Explains Arora, The most significant benefit of WiMAX compared to existing
wireless technologies is the range. WiMAX has a communication range of up to
30 miles. This can cover over 2800 square miles, enough to blanket an entire
city. The cost of servicing an end-user is much lower with WiMAX when you compare
it to fibre or DSL, where there is no infrastructure today.
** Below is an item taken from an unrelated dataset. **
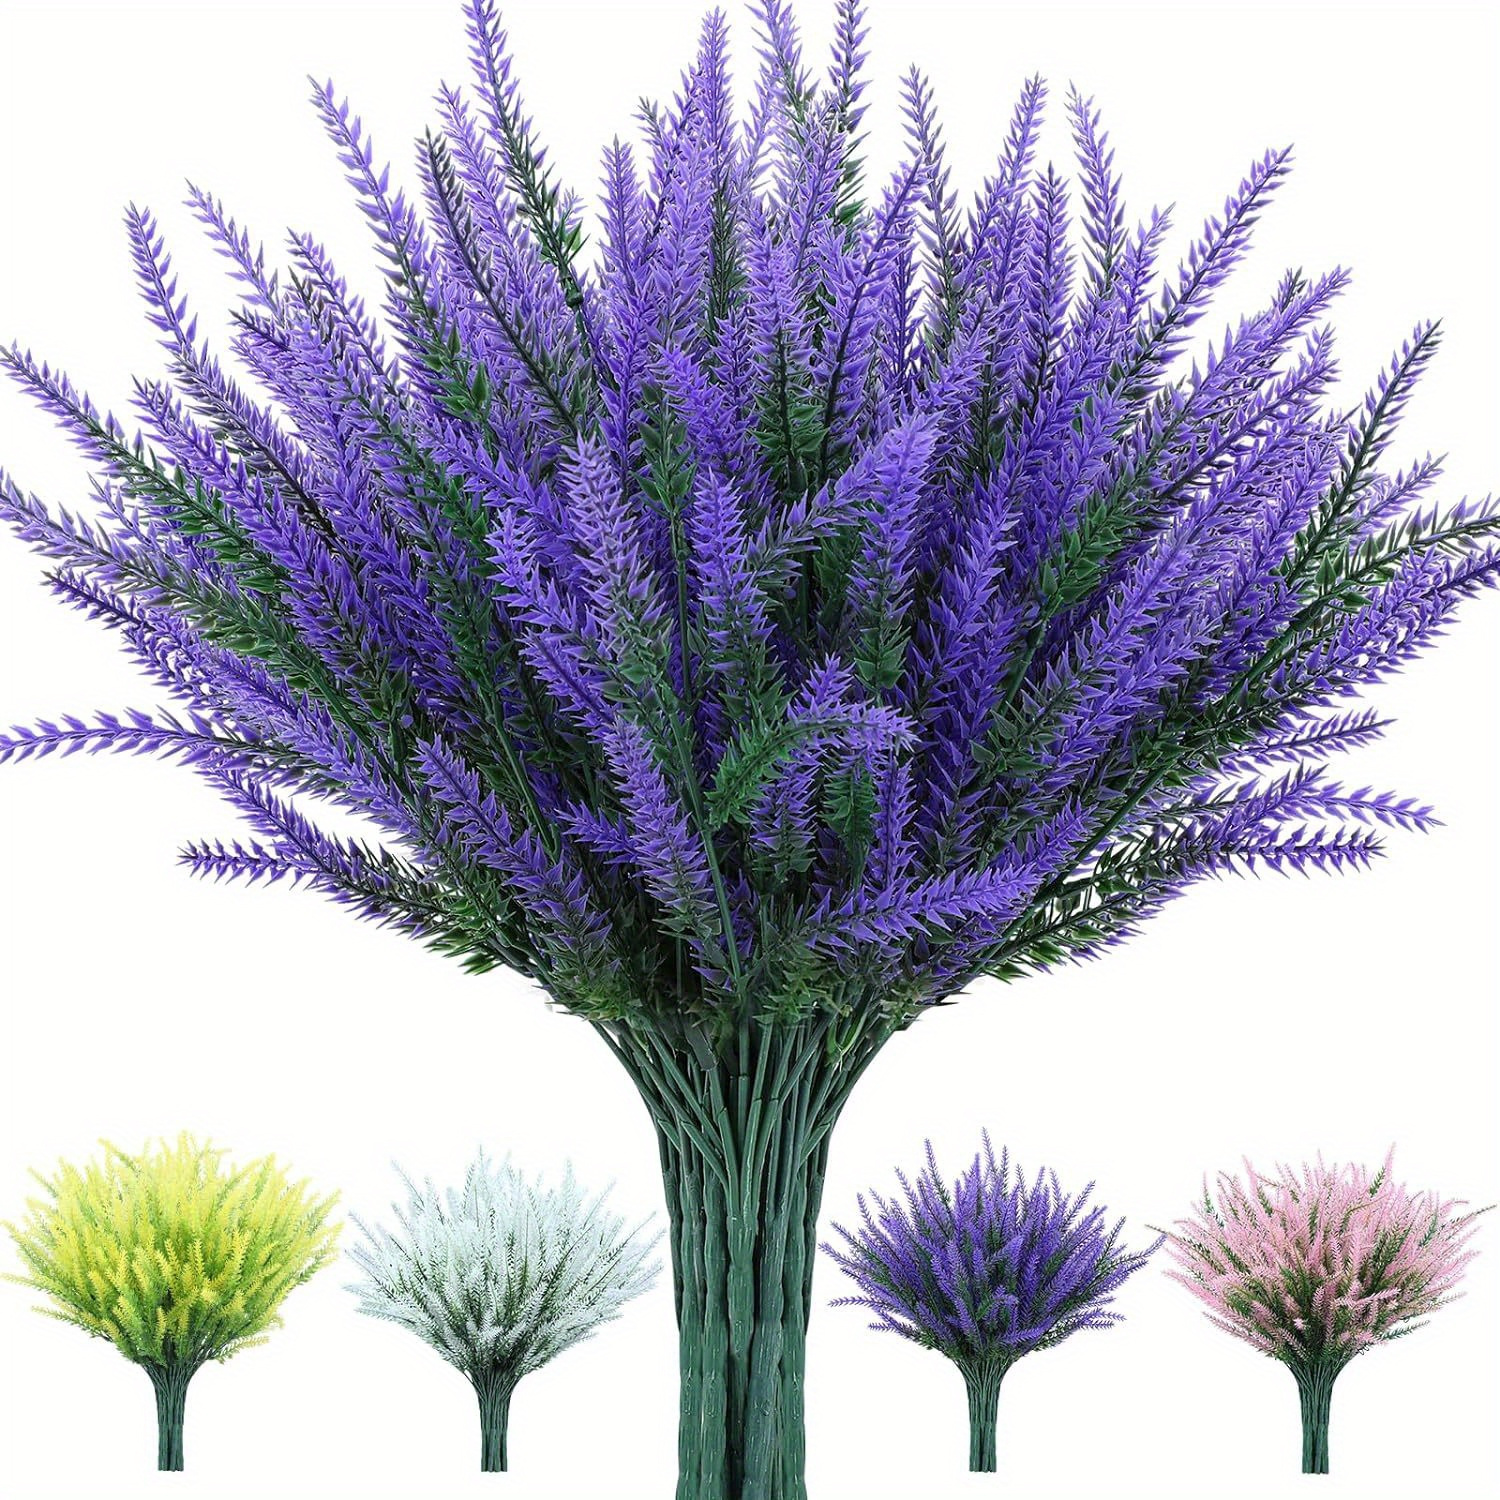 

12pcs Artificial Lavender Bouquets, Fake Flowers For Outdoor Wedding, Garden, Home Decor, Table Centerpieces Decor, Spring Summer Decor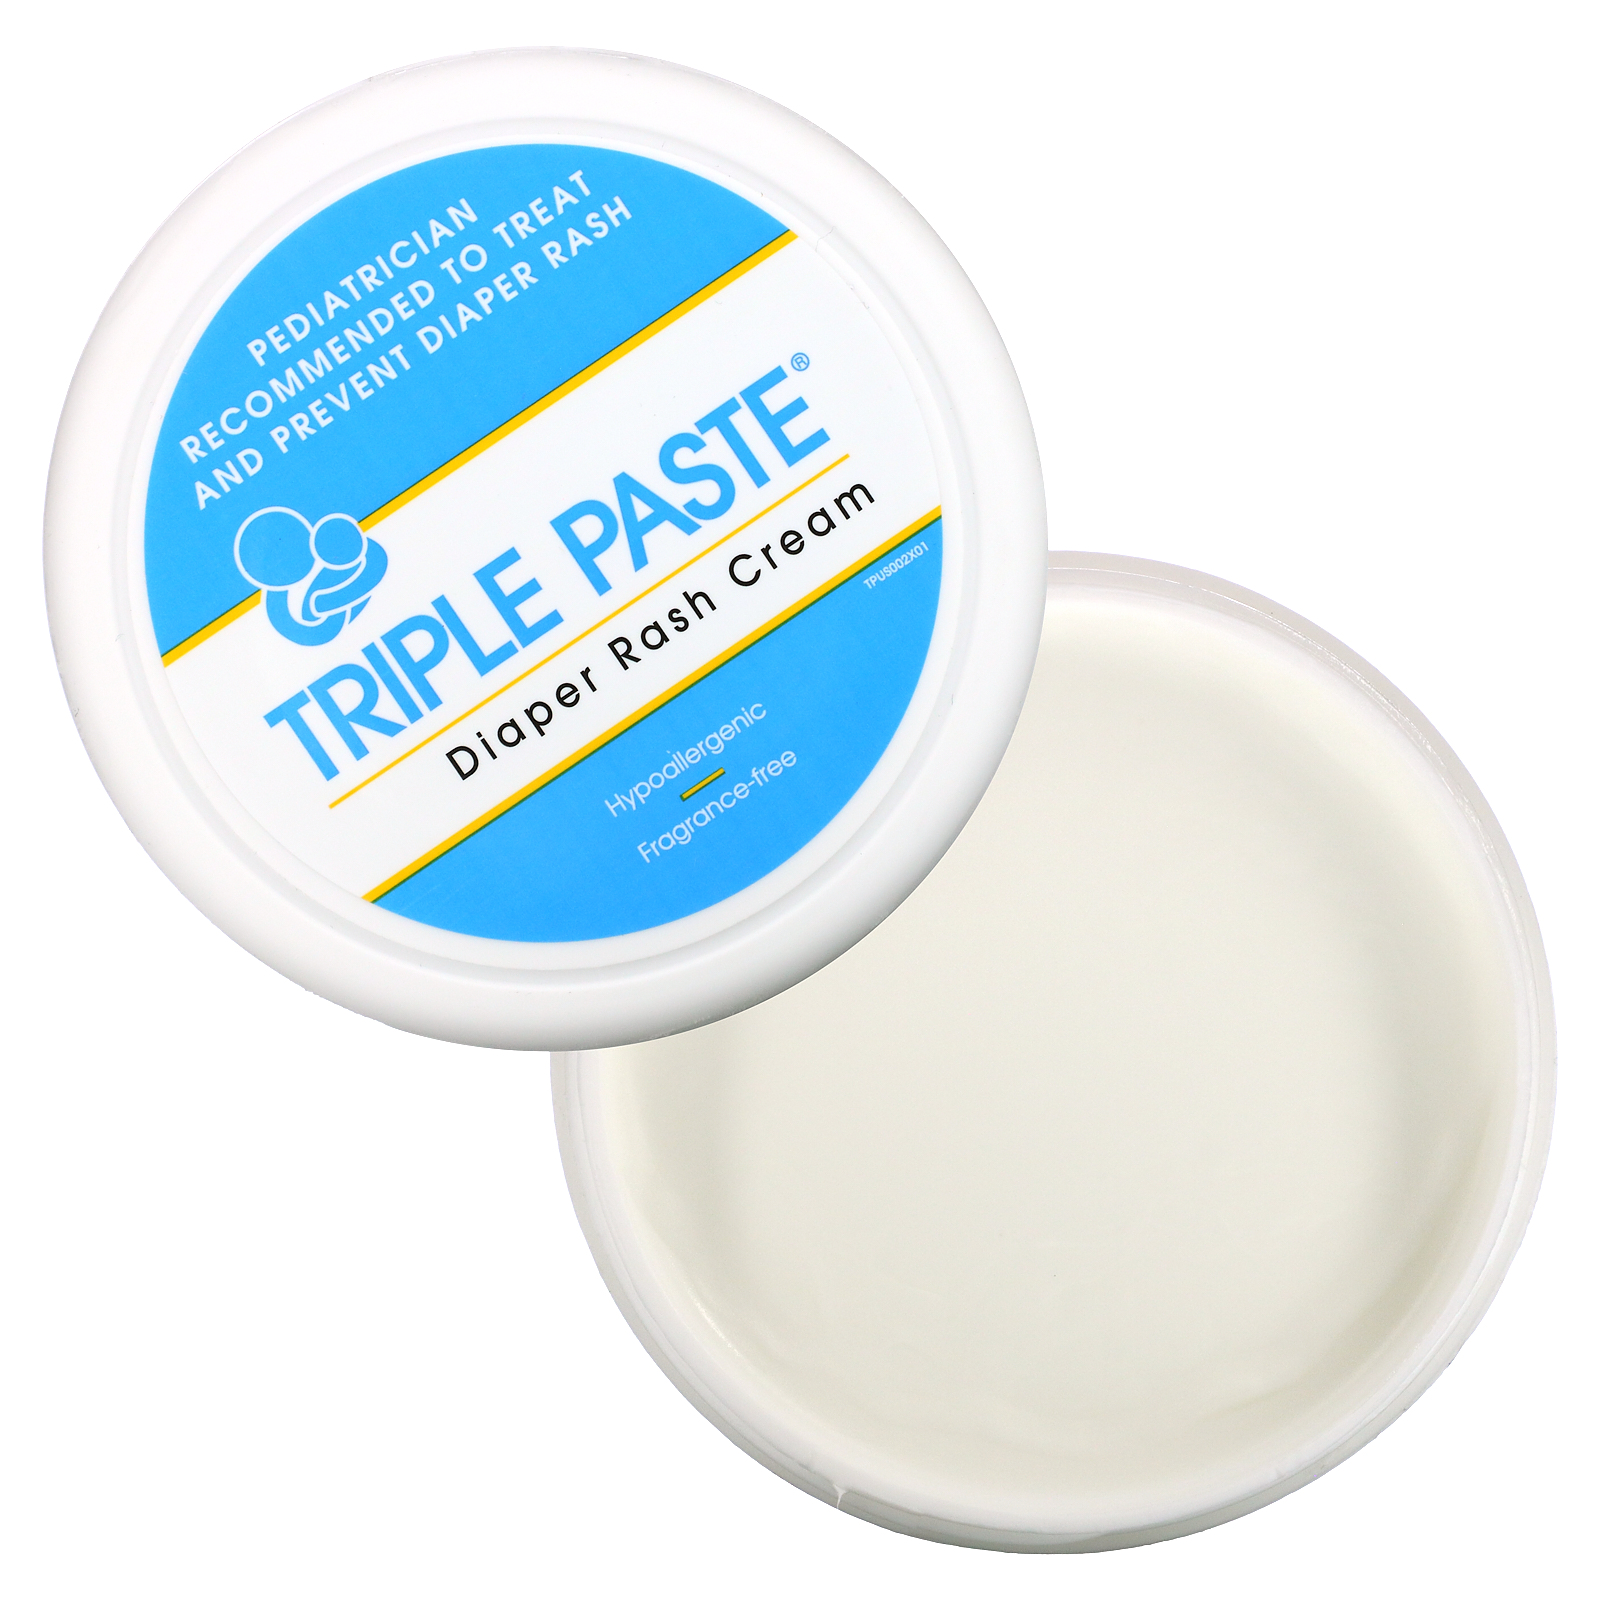 Triple Paste Zinc Oxide Diaper Rash Cream Fragrance Free 8 Oz 227 G

But there are also impediments to WiMAX in India. Spectrum policy from the regulators
in 3.3 GHz, 2.5 GHz or 700 MHz is unclear, as is licence policy. Then there
are competing lobbies like CDMA. As Arora points out, Expensive backhaul
cost is a great impediment to WiMAX. Backhaul refers both to the connection
from the AP back to the provider and to the connection from the provider to
the core network. To extend wireless access nodes, providers still rely on wires
for long-distance coverage. Some providers find wiring large areas too expensive.
Without QoS, applications such as VoIP may reduce a calls quality, thus
limiting the providers ability to tier services and obtain additional
revenue streams. Current Wi-Fi last mile and large coverage solutions offer
excellent data transfers.
The road to WiMAX
India is increasingly embracing wireless technologies. High-speed wireless broadband
technology based on WiMAX promises an economically viable solution to accelerating
Internet adoption. WiMAX has the potential to provide India with widespread
Internet access that can usher in economic growth, better education and health
care, and improved entertainment services as it has done elsewhere in the world.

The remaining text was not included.